Once that is done, you should be able to use your model normally. To get a list of objects you'd do something like:
qry_desc_char_list = QryDescChar.objects.all()
To actually get the list into your template you might want to look at generic views, specifically the object_list view.
If your RDBMS lets you create writable views and the view you create has the exact structure than the table Django would create I guess that should work directly.
(This is an old question, but is an area that still trips people up and is still highly relevant to anyone using Django with a pre-existing, normalized schema.)
In your SELECT statement you will need to add a numeric "id" because Django expects one, even on an unmanaged model. You can use the row_number() window function to accomplish this if there isn't a guaranteed unique integer value on the row somewhere (and with views this is often the case).
In this case I'm using an ORDER BY clause with the window function, but you can do anything that's valid, and while you're at it you may as well use a clause that's useful to you in some way. Just make sure you do not try to use Django ORM dot references to relations because they look for the "id" column by default, and yours are fake.
Additionally I would consider renaming my output columns to something more meaningful if you're going to use it within an object. With those changes in place the query would look more like (of course, substitute your own terms for the "AS" clauses):
CREATE VIEW qry_desc_char as
SELECT
row_number() OVER (ORDER BY tbl_char.cid) AS id,
tbl_desc.iid_id AS iid_id,
tbl_desc.cid_id AS cid_id,
tbl_desc.cs AS a_better_name,
tbl_char.cid AS something_descriptive,
tbl_char.charname AS name
FROM tbl_desc,tbl_char
WHERE tbl_desc.cid_id = tbl_char.cid;
Once that is done, in Django your model could look like this:
class QryDescChar(models.Model):
iid_id = models.ForeignKey('WhateverIidIs', related_name='+',
db_column='iid_id', on_delete=models.DO_NOTHING)

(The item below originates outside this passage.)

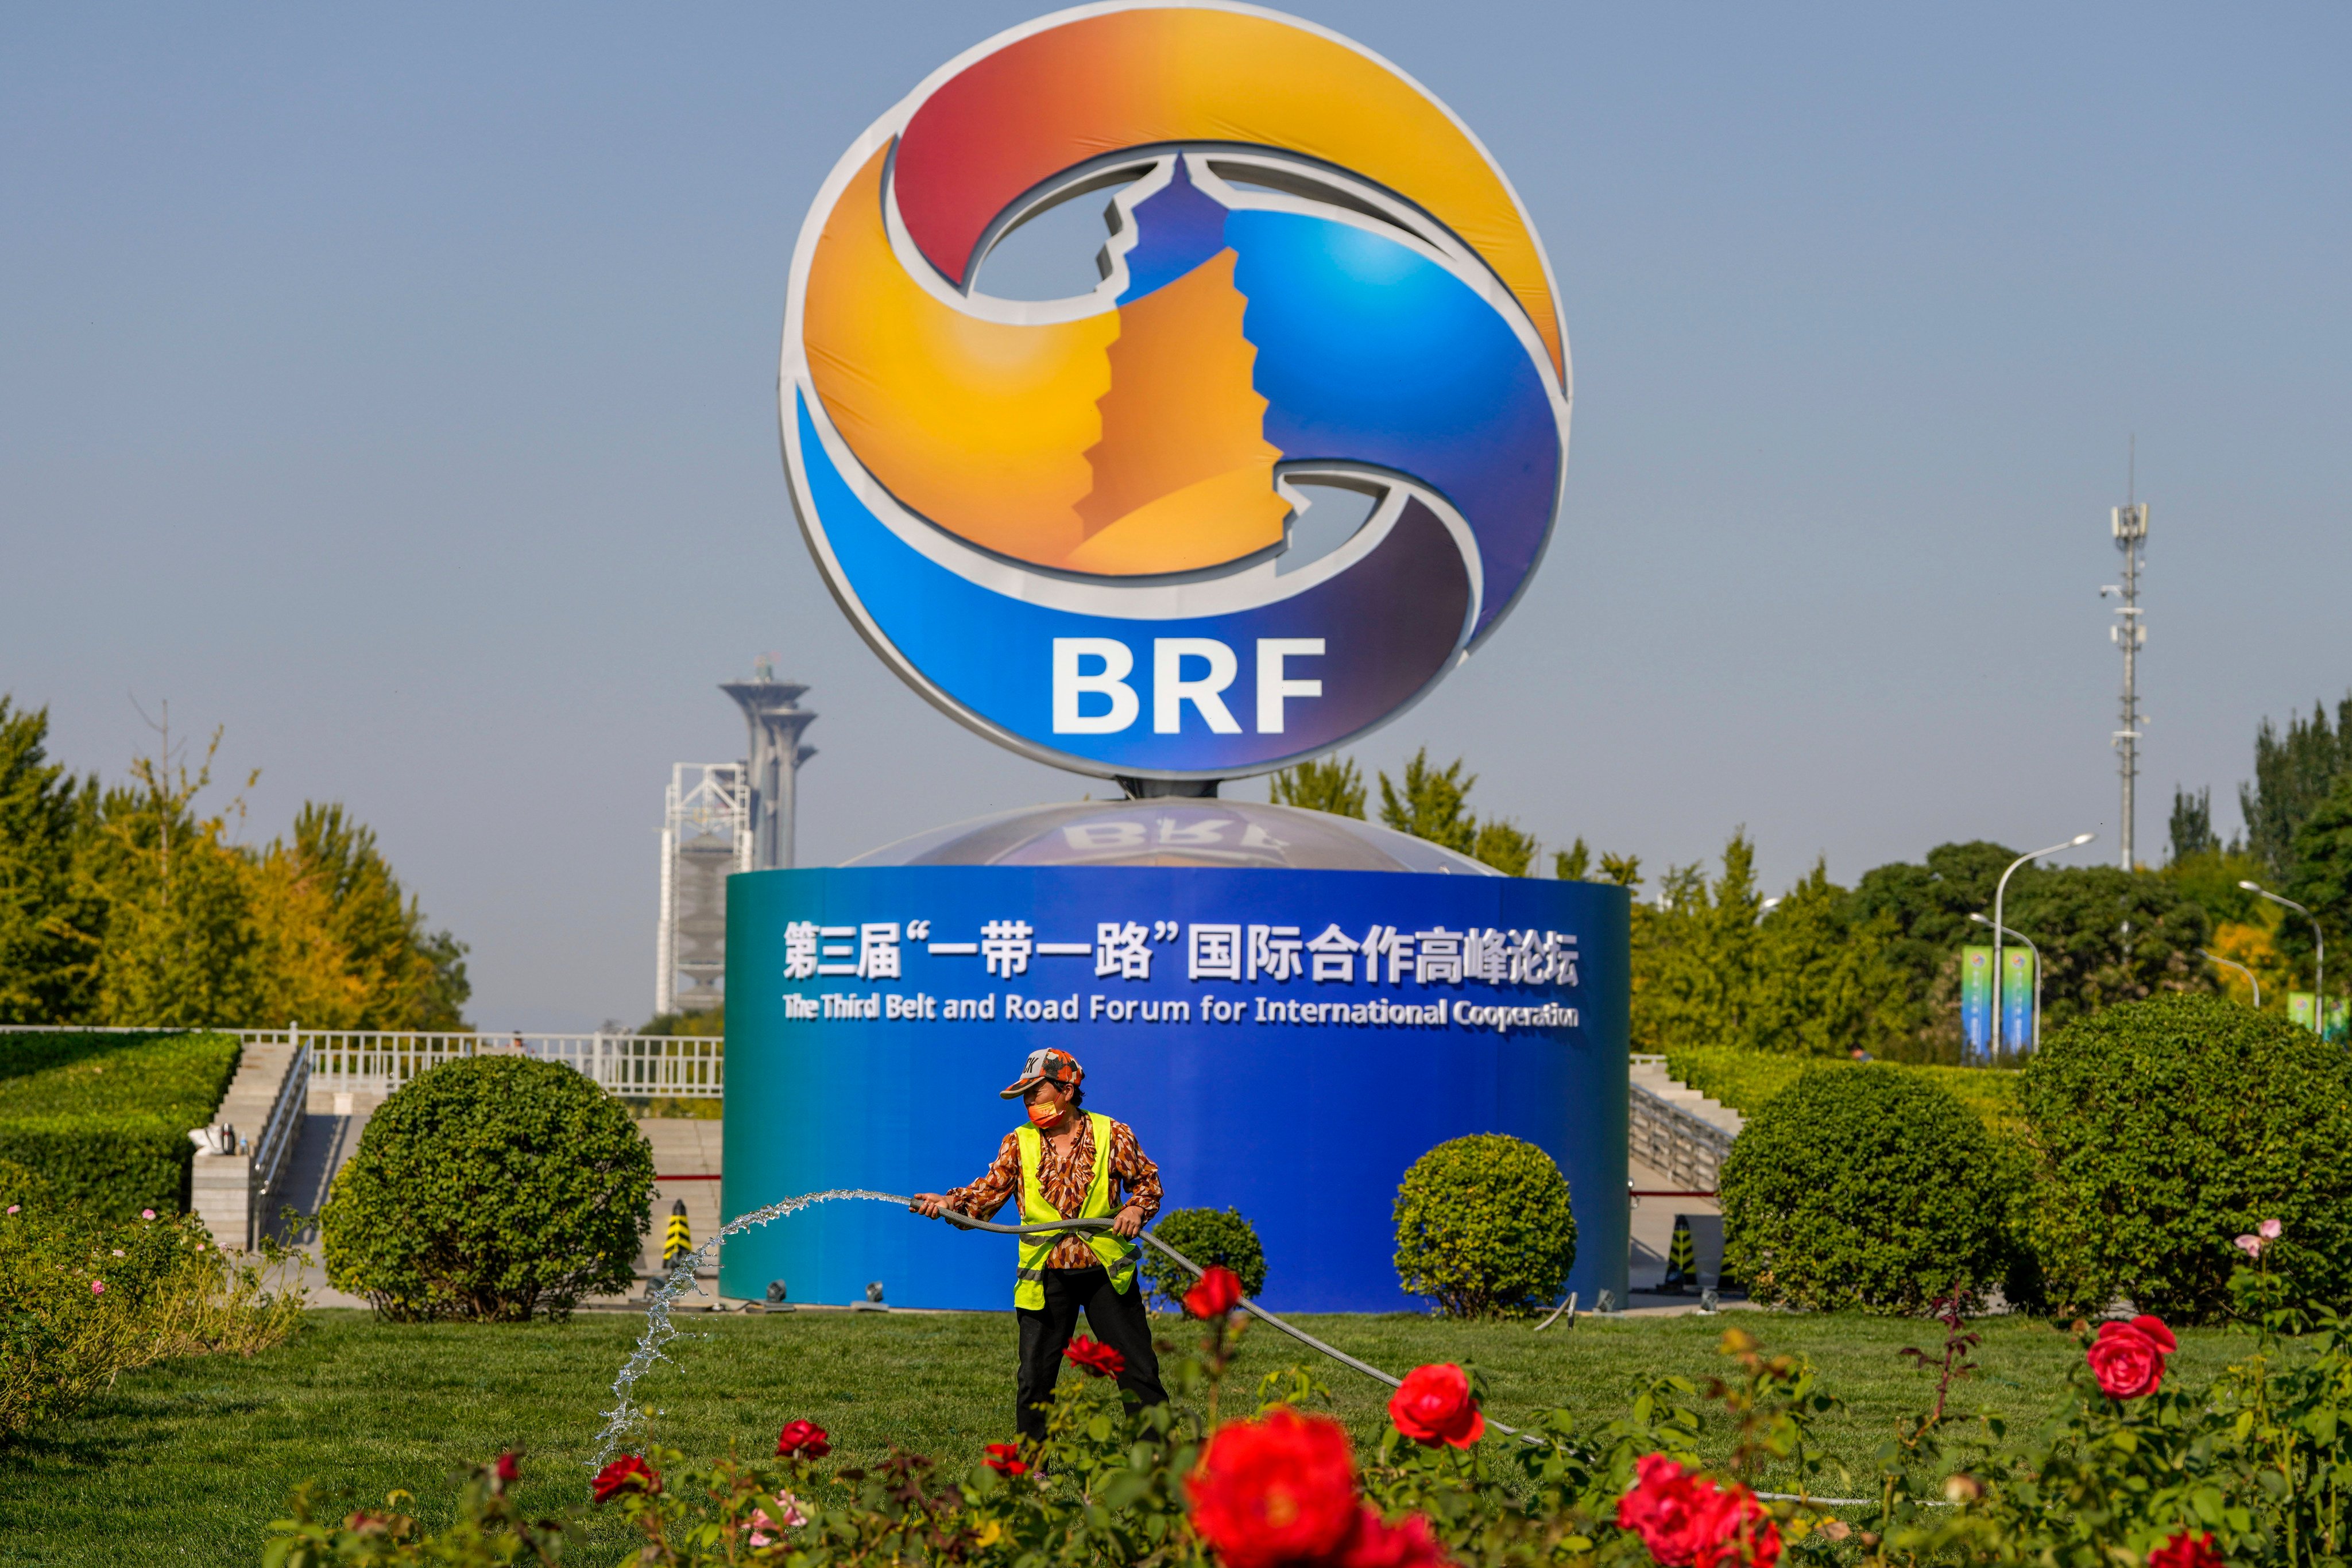 China prepares for the third Belt and Road Forum for International Cooperation, to be held in Beijing this week. Photo: AP
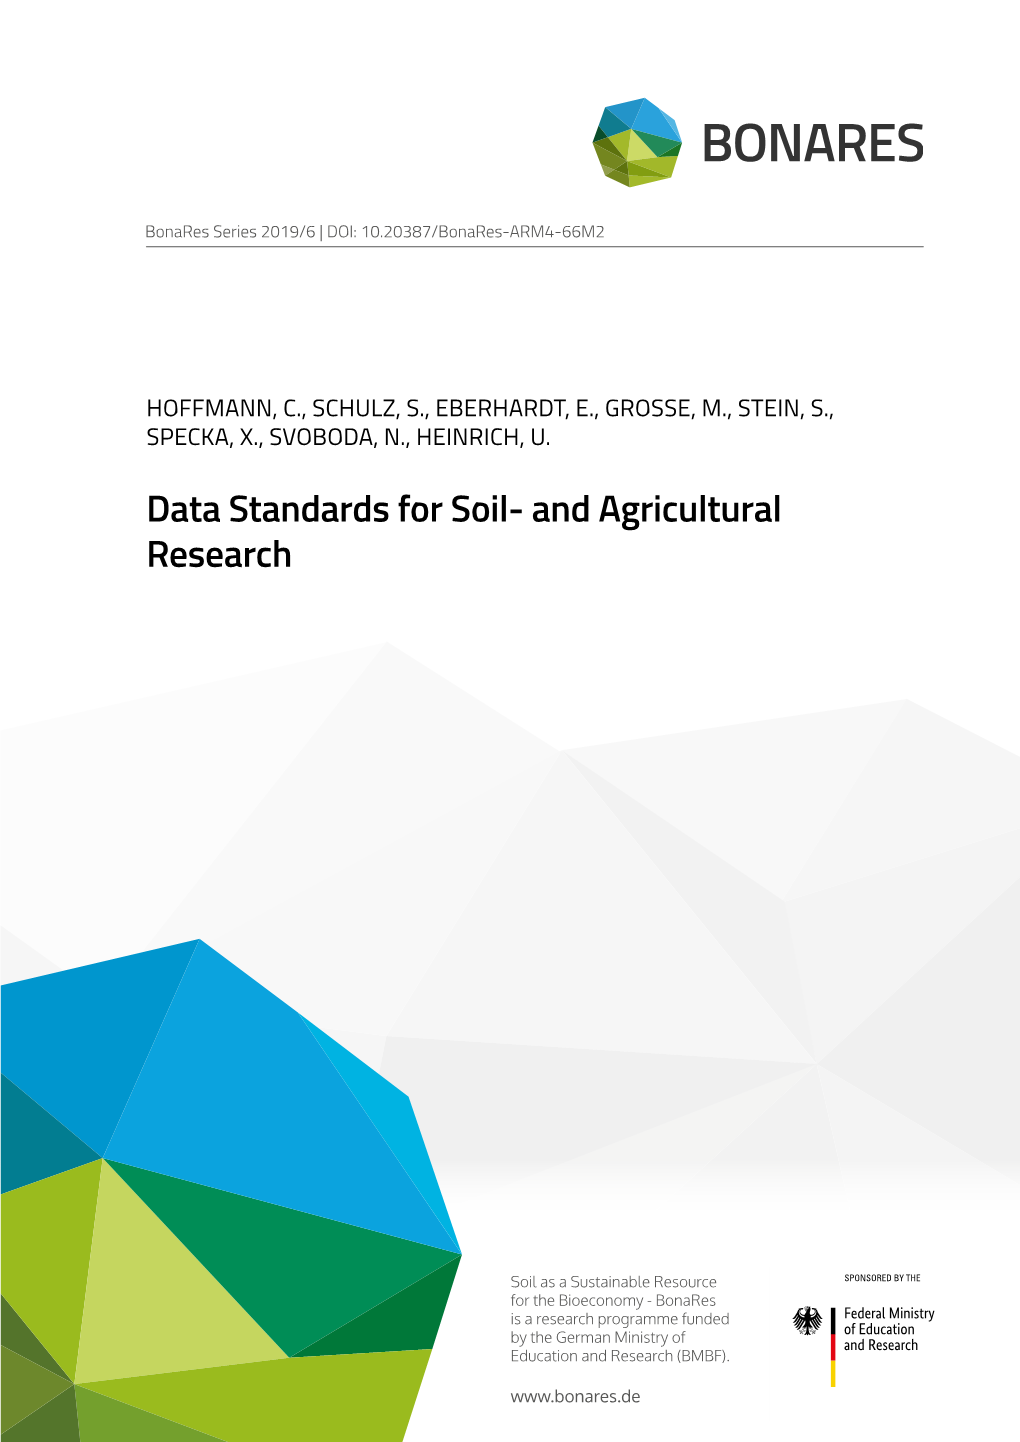 Data Standards for Soil- and Agricultural Research

cid_id = models.ForeignKey('WhateverCidIs', related_name='+',
db_column='cid_id', on_delete=models.DO_NOTHING)
a_better_name = models.CharField(max_length=10)
something_descriptive = models.IntegerField()
name = models.CharField(max_length=50)
class Meta:
managed = False
db_table = 'qry_desc_char'
You don't need the "_id" part on the end of the id column names, because you can declare the column name on the Django model with something more descriptive using the "db_column" argument as I did above (but here I only it to prevent Django from adding another "_id" to the end of cid_id and iid_id -- which added zero semantic value to your code). Also, note the "on_delete" argument. Django does its own thing when it comes to cascading deletes, and on an interesting data model you don't want this -- and when it comes to views you'll just get an error and an aborted transaction. Prior to Django 1.5 you have to patch it to make DO_NOTHING actually mean "do nothing" -- otherwise it will still try to (needlessly) query and collect all related objects before going through its delete cycle, and the query will fail, halting the entire operation.
Incidentally, I wrote an in-depth explanation of how to do this just the other day.
You are trying to fetch records from a view. This is not correct as a view does not map to a model, a table maps to a model.
You should use Django ORM to fetch QryDescChar objects. Please note that Django ORM will fetch them directly from the table. You can consult Django docs for extra() and select_related() methods which will allow you to fetch related data (data you want to get from the other table) in different ways.